John T. Cusack and George M. Covington, Chicago, Ill., for defendant-appellee.

Before CLARK, Associate Justice (Retired),* and CUMMINGS and TONE, Circuit Judges.

CUMMINGS, Circuit Judge.


This appeal is from the dismissal of a treble damage suit by Cass Student Advertising, Inc. ("Cass") against National Educational Advertising Services, Inc. ("NEAS") alleging violations of Sections 1 and 2 of the Sherman Act (15 U.S.C. §§ 1 and 2).


Count I of the complaint asserted that NEAS exercised monopoly power in the relevant market in violation of Section 2 of the Sherman Act. The relevant market was defined as "the market for representing college newspapers throughout the United States in the placement of national advertising."


Count II charged that NEAS attempted to monopolize that market, also in violation of Section 2 of the Sherman Act.


Count III asserted that NEAS' agreements with college newspapers designating it as their exclusive agent were contracts in restraint of trade in violation of Section 1 of the Sherman Act. Count III also alleged that NEAS conspired with many college newspapers to restrain trade in plaintiff's business and prevented it from competing with defendant in the previously defined market.


In each count, plaintiff sought a judgment that defendant violated the Sherman Act, injunctive relief, treble damages, costs and attorneys' fees.
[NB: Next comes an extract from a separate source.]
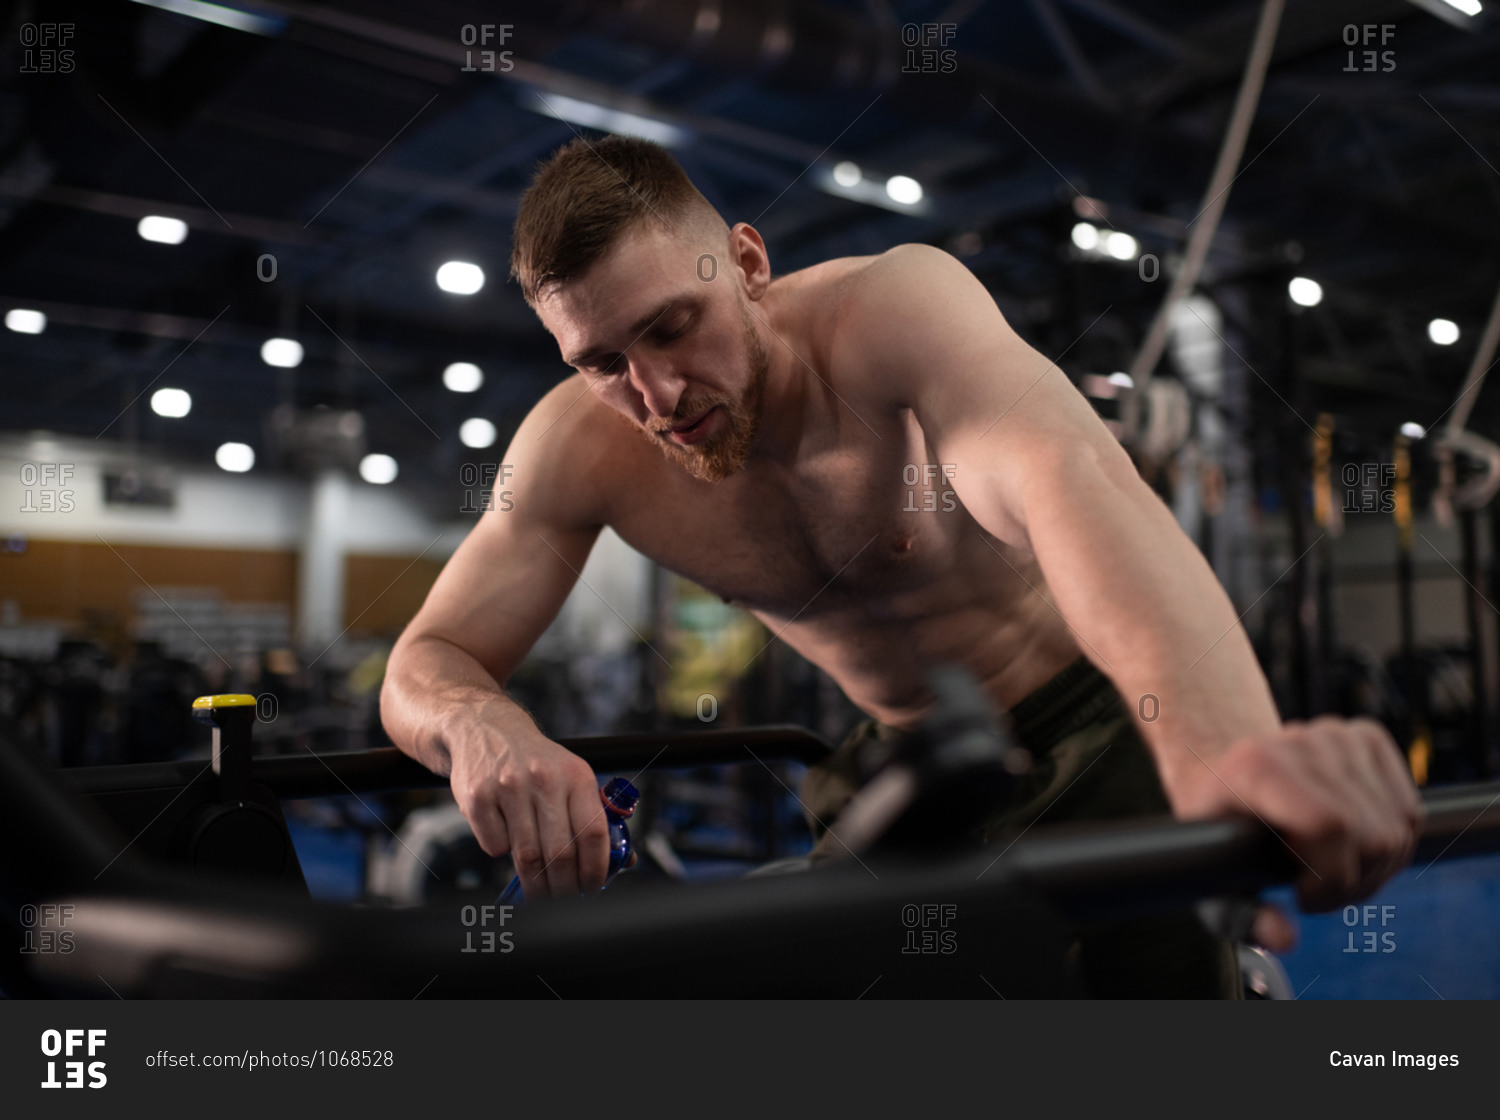 Exhausted sportsman resting on treadmill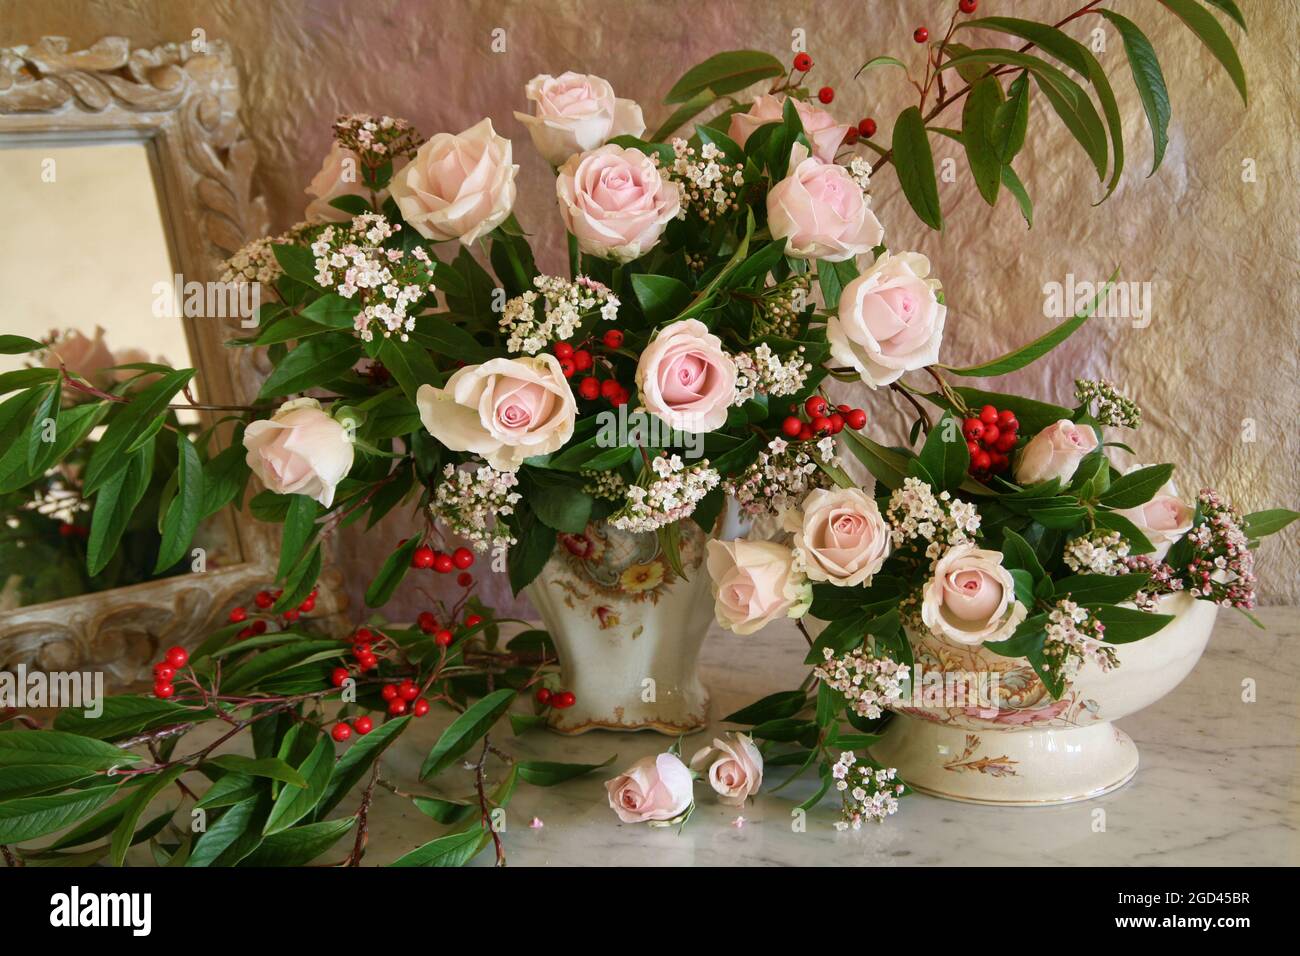 botany, pink roses, cotoneaster berries in an antique jug and bowl on a marble table., ADDITIONAL-RIGHTS-CLEARANCE-INFO-NOT-AVAILABLE Stock Photo

In a memorandum opinion reported in 374 F.Supp. 796 (N.D.Ill.1974), the district court held that the relevant line of commerce was not "the market for representing college newspapers for the placement of national advertising" but embraced other publications and media and their representatives. Thus the court determined that the relevant market included "all modes of competition used to present national advertising to college students." Since Cass was said to have offered no evidence to show NEAS' possession of monopoly power in that market, the district court concluded that NEAS had not violated the antitrust laws. 374 F.Supp. at 803. We reverse because of our disagreement with respect to the relevant market.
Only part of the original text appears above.